Overview

Description of the problem

Fedora Infrastructure is composed of a number of services (koji, fedpkg, pkgdb, etc..) some of which are maintained outside the Fedora Project and some of which were built in-house by the infrastructure team. These are strung together in a pipeline. Think “how an upstream release becomes a package update”, “How a new source distribution becomes a package.”

At present, many of the steps in this process require the maintainer to wait and watch for a previous step to complete. For instance once a branch of a package is successfully built in koji, the maintainer must submit their update to bodhi (See the new package process for more details).

Other progressions in the pipeline are automated. For instance, AutoQA defines a set of watchers. Most watchers are run as a cron task. Each one looks for certain events and fires off tests when appropriate.

At LinuxFest Northwest (2009), jkeating gave a talk on the problem of complexity in the Fedora infrastructure and how this might be addressed with a message bus architecture. Each service in the infrastructure depends on many of the others. Some pieces directly poke others: git (fedpkg) currently pokes AutoQA from a post-update hook. Other pieces poll others’ status: koji scrapes pkgdb for package-owner relationships and email aliases.

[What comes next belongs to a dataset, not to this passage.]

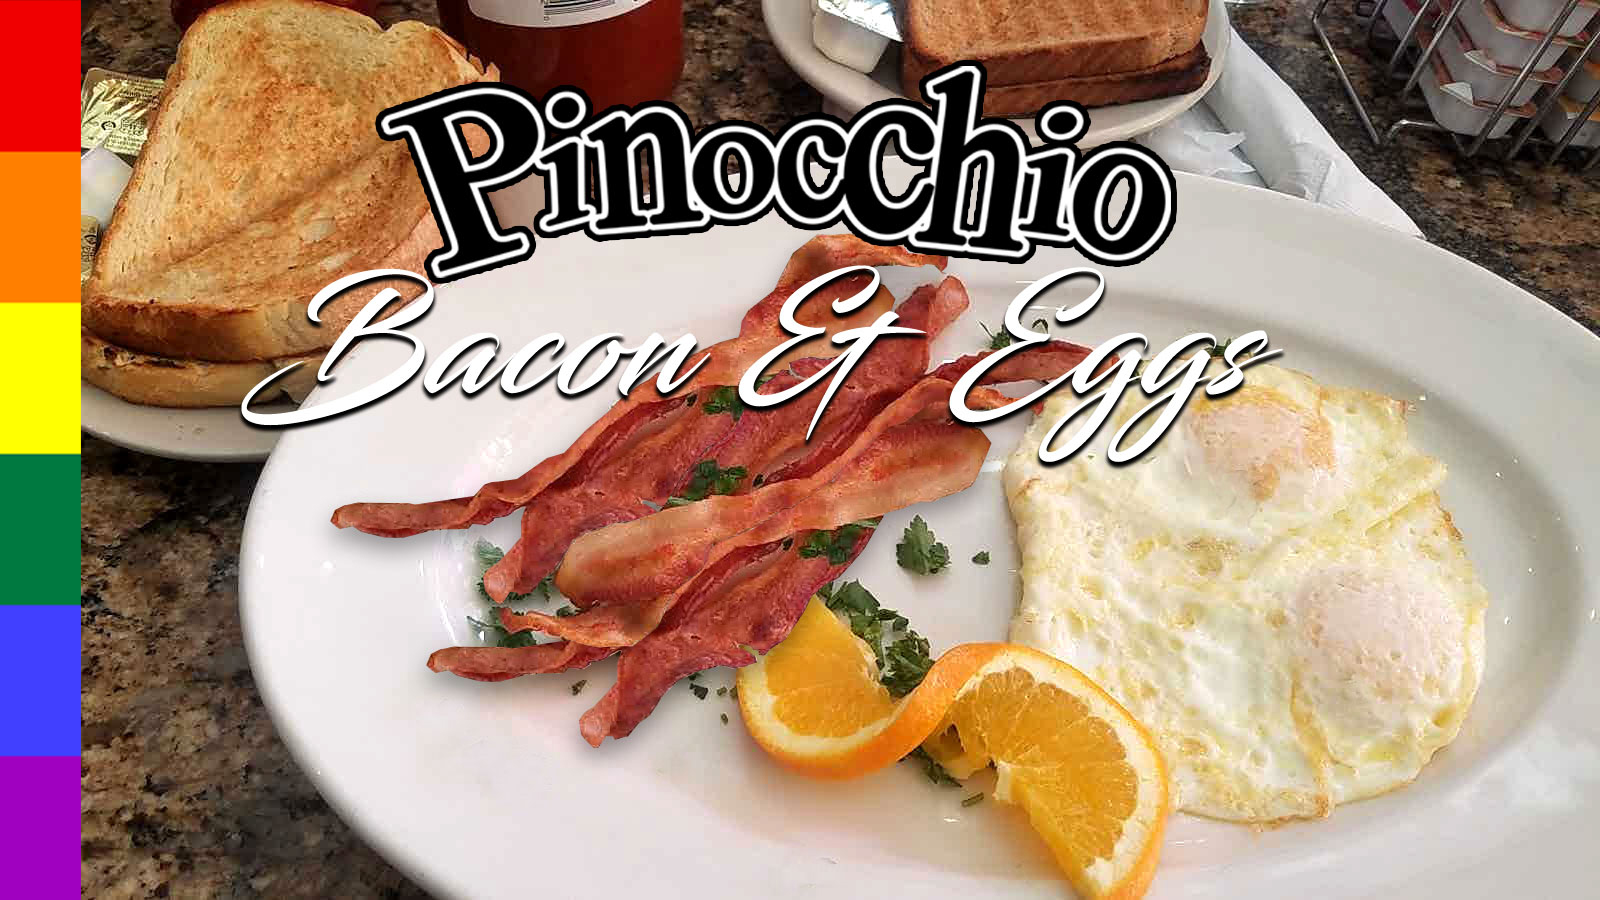 Pinocchio's Bacon & Eggs

This dense coupling of services makes changing, adding, or replacing services more complicated: commits to one project require a spidering of code changes to all the others.

How messaging might address the problem

jkeating’s talk on messaging in the Fedora Instructure proposed the adoption of a unified message bus to reduce the complexity of multiple interdependent services. Instead of a service interfacing with its dependencies’ implementations, it could subscribe to a topic, provide a callback, and respond to events.

For instance, instead of having koji scrape pkgdb on an interval for changed email addresses, pkgdb could emit messages to the org.fedoraproject.service.pkgdb topic whenever an account’s email address changes. koji could subscribe to the same topic and provide a callback that updates its local email aliases when invoked.

In another case, the git (fedpkg) post-update hook could publish messages to the org.fedoraproject.service.fedpkg.post-update topic. AutoQA could subscribe to the same. Now if we wanted to enable another service to act when updates are pushed to fedpkg, that service need only subscribe to the topic and implement its own callback instead of appending its own call to fedpkg’s post-update hook (instead of coupling its own implementation with fedpkg’s).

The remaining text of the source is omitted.